In a poem dedicated to the memory of 19 June 1914, Anna Akhmatova wrote “we aged a hundred years and this / Happened in a single hour.” The twentieth century brought unprecedented violence to the European world, not least in the Russian Empire and the Soviet Union. The years 1914-1921, among the most bloody and destructive in Russia’s history, cannot be understood in isolation from the whole jagged landscape of violence – international wars, violent political force, national and revolutionary violence, ethnic and racial violence, interpersonal and domestic violence. Boundaries do not easily stand in violent conditions. Emancipatory and repressive violence mix and blur. Purposeful political and social struggles mix with “hooliganism” and commonplace human brutality.
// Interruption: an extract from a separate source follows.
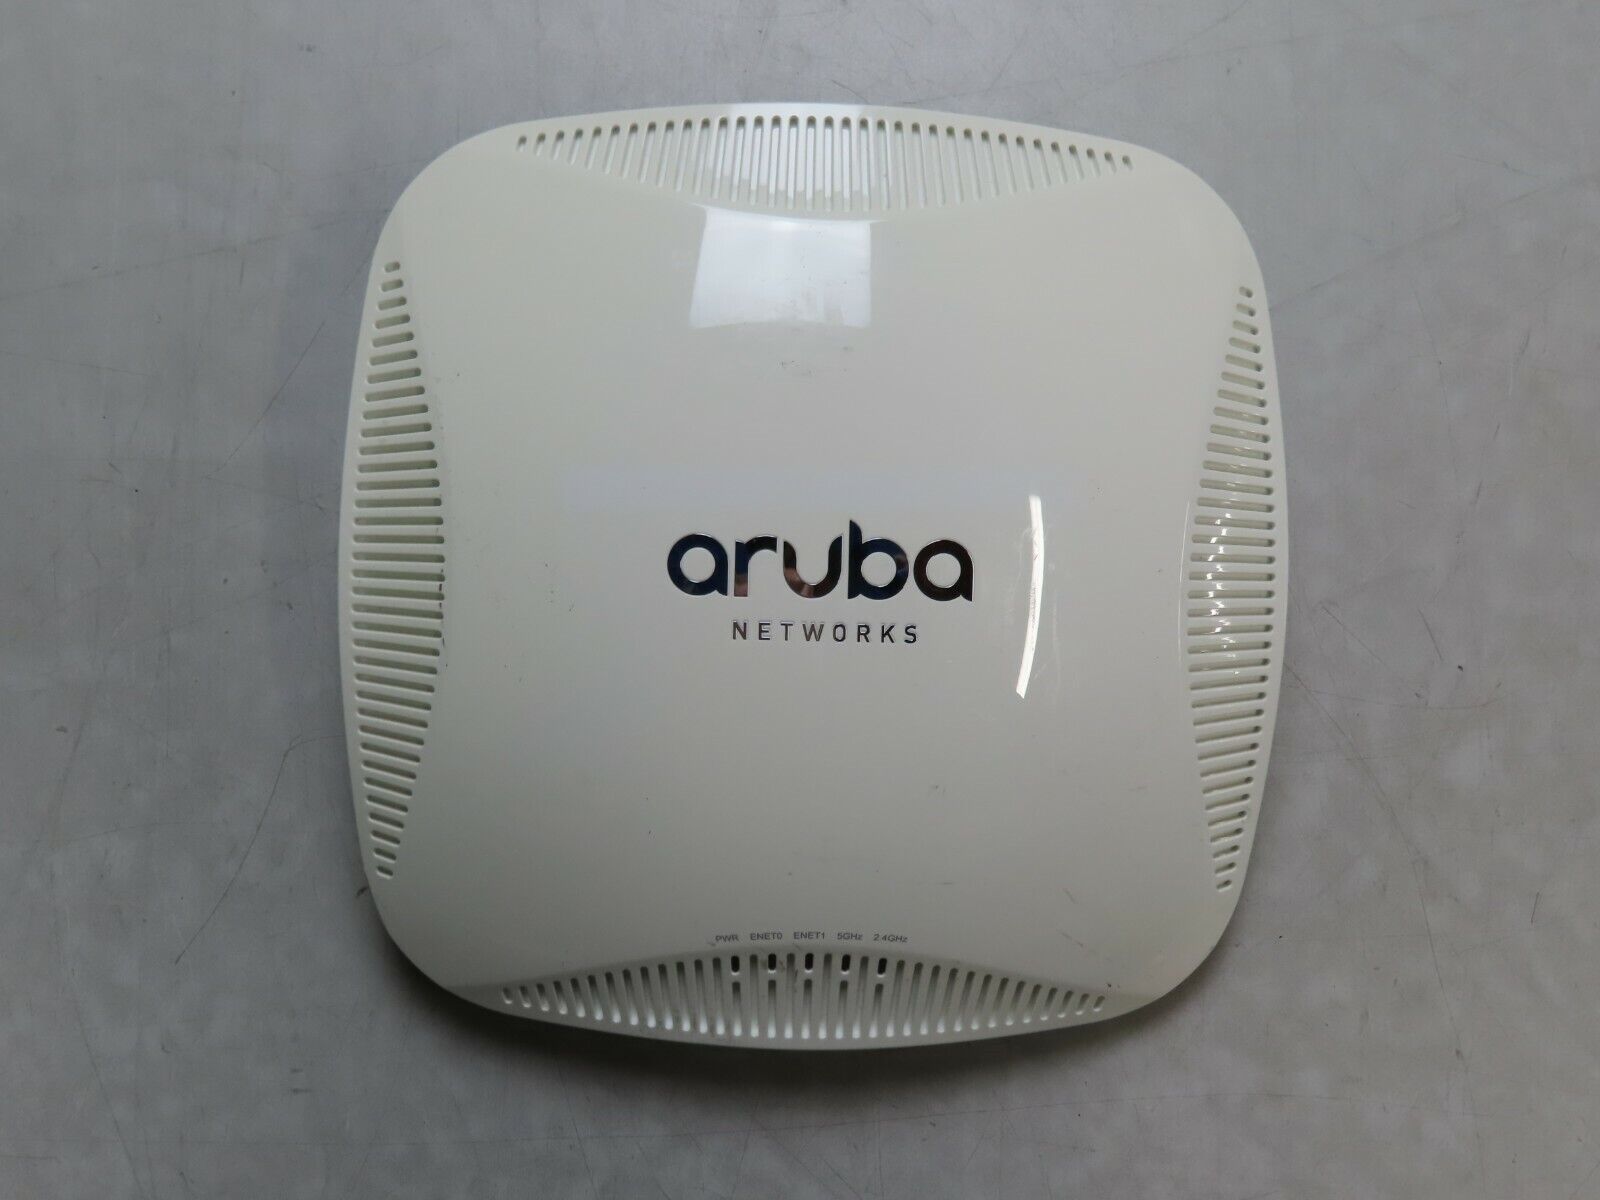  lot of 5 -  Aruba Networks AP-225 Wireless Access Point  Aruba Networks

And violence itself is only part of the story. The twentieth century, especially its first decades, saw a remarkable explosion of creativity in the arts, literature, science, politics, philosophy, and social organization, as well as extraordinary technological innovation and invention. Indeed, violence itself could be understood in radically different ways, including as creativity, even as actions in the name of life.

The 2015 Fisher Forum will examine the immediacy, effects, and refractions of violence in Russia and Eurasia (defined as the spaces occupied by the Russian Empire and the Soviet Union) from perspective across disciplines. Papers will also engage the question of how to interpret and theorize violence, as practice, as experience, as legacy. Indeed, while our focus is on the past, we cannot ignore lasting effects and persistent meanings, including for our own time.